5. TorchAO backend (weight-only PTQ)#

5.1. Overview#

  • Weight-only PTQ for INT8 and FP8 (E4M3FN/E5M2) weights.

  • Activation settings are ignored.

  • Layer-wise control via module_name patterns.

5.2. Supported options#

  • mode: weight_only_ptq.

  • weights.dtype: int8, fp8_e4m3fn, fp8_e5m2.

  • default_layer_dtype: ignored by this backend; specify weights.dtype per layer.

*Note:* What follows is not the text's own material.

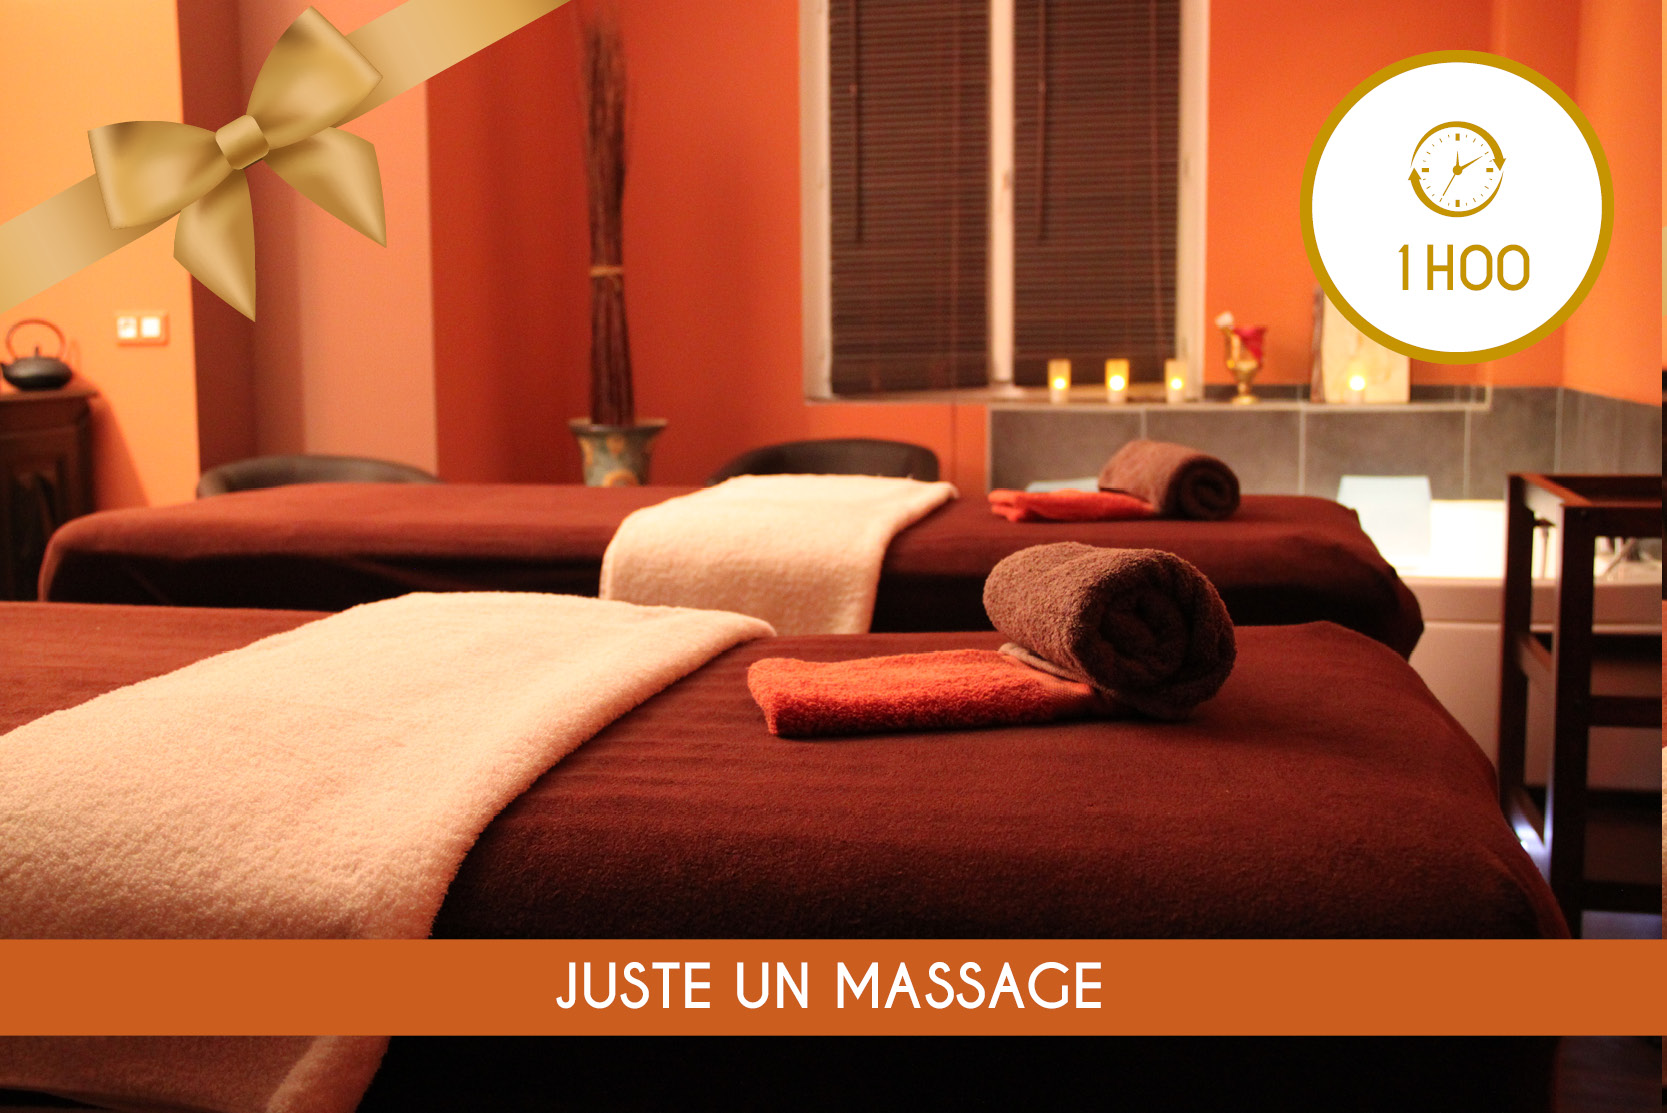 Juste un Massage (1h00) - solo

  • skip_names: remove modules from quantization.

5.3. How it works#

Internally, TAO builds a per-module mapping from your patterns to TorchAO configs and calls torchao.quantization.quantize_ on a deep copy of the model.

5.4. Example configs#

INT8 all Linear layers.

quantize:
  backend: "torchao"
  mode: "weight_only_ptq"
  default_layer_dtype: "int8"
  default_activation_dtype: "native"
  layers:
    - module_name: "Linear"
      weights: { dtype: "int8" }

FP8 E4M3FN on all Linear layers, skip classifier head.

quantize:
  backend: "torchao"
  mode: "weight_only_ptq"
  default_layer_dtype: "fp8_e4m3fn"
  default_activation_dtype: "native"
  layers:
    - module_name: "Linear"
      weights: { dtype: "fp8_e4m3fn" }
  skip_names: ["classifier.fc"]

5.5. Outputs#

  • Saved artifact in results_dir named quantized_model_torchao.pth (state_dict).

5.6. Limitations#

  • Weight-only: activations are not quantized.

  • No calibration loop.

  • Speedups depend on runtime kernel support and are model-dependent.